Trade-offs: - Slightly larger than OPUS (64kbps would halve size) - Not as universally compatible as MP3 - But: Speech-optimized, good balance point

yt-dlp Configuration¶

Optimal Settings for Podcast Audio¶

ydl_opts = {
    # Audio extraction
    "format": "bestaudio/best",  # Prefer audio-only streams
    "extract_audio": True,

    # Post-processing with FFmpeg
    "postprocessors": [{
        "key": "FFmpegExtractAudio",
        "preferredcodec": "m4a",
        "preferredquality": "128",  # 128kbps AAC
    }],

    # Output
    "outtmpl": "%(id)s.%(ext)s",  # Filename template

    # Quality/Performance
    "quiet": False,
    "no_warnings": False,
    "retries": 3,
    "fragment_retries": 3,

    # Metadata
    "writeinfojson": False,  # Don't need JSON metadata
    "writethumbnail": False,  # Don't need artwork
}

Authentication Support¶

yt-dlp handles various auth methods:

# HTTP Basic Auth
ydl_opts["username"] = "user@example.com"
ydl_opts["password"] = "secret"

# Bearer Token
ydl_opts["http_headers"] = {
    "Authorization": f"Bearer {token}"
}

# Custom Headers
ydl_opts["http_headers"] = {
    "Cookie": "session=abc123",
    "User-Agent": "Mozilla/5.0...",
}

Performance Characteristics¶

Download Speed¶

Depends on: Source bandwidth, network speed
Typical: 5-10 MB/s for podcasts
Time estimate:
30-minute episode (~25MB): 5-30 seconds
60-minute episode (~50MB): 10-60 seconds
120-minute episode (~100MB): 20-120 seconds

FFmpeg Conversion¶

Negligible for audio-only (< 5 seconds for 1-hour episode)
CPU-bound but very fast
Memory: Low overhead (< 100MB)

Error Scenarios & Handling¶

Common Errors¶

1. Unsupported URL¶

ERROR: Unsupported URL: http://example.com/podcast.mp3

Cause: URL not recognized by yt-dlp extractors Solution: May be a direct audio file, try direct HTTP download

2. Geo-restricted Content¶

ERROR: This video is not available in your country

Cause: Geographic restrictions Solution: Inform user, potentially offer proxy option (future)

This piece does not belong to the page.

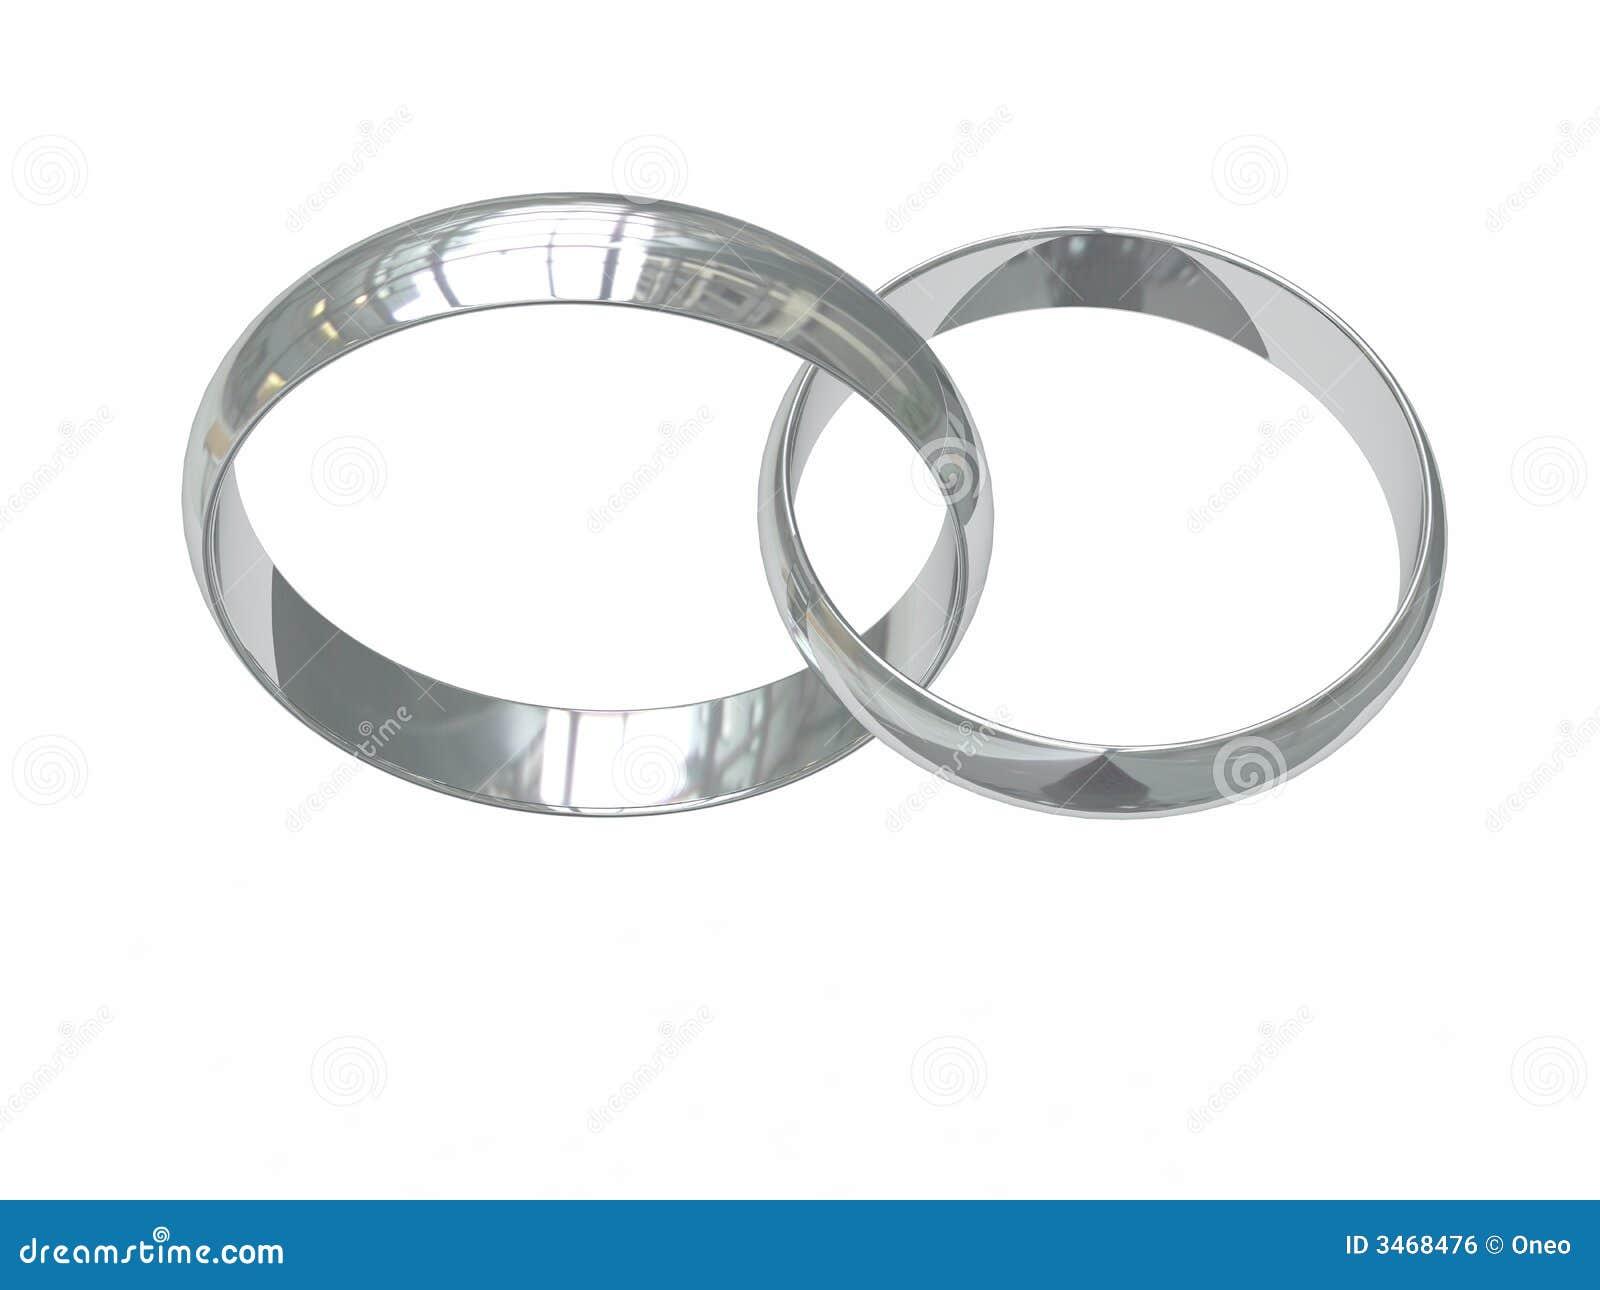 Two platinum wedding rings stock illustration Image of bride

3. Authentication Required¶

ERROR: This video is only available for registered users

Cause: Private content needing auth Solution: Prompt for credentials if not configured

4. File Too Large¶

Filesize: 500MB (max: 200MB)

Cause: Very long episode Solution: Warn user, allow override, or split (future feature)

Integration with Phase 1¶

Using Stored Credentials¶

From Phase 1, we have encrypted credentials stored per feed. Integration:

from inkwell.config.manager import ConfigManager

config_manager = ConfigManager()
feed_config = config_manager.get_feed("my-podcast")

# Build yt-dlp options with decrypted auth
if feed_config.auth.type == "basic":
    ydl_opts["username"] = feed_config.auth.username  # Auto-decrypted
    ydl_opts["password"] = feed_config.auth.password

elif feed_config.auth.type == "bearer":
    ydl_opts["http_headers"] = {
        "Authorization": f"Bearer {feed_config.auth.token}"
    }

File Management¶

Temporary Storage Strategy¶

Location: ~/.cache/inkwell/audio/ (XDG cache directory)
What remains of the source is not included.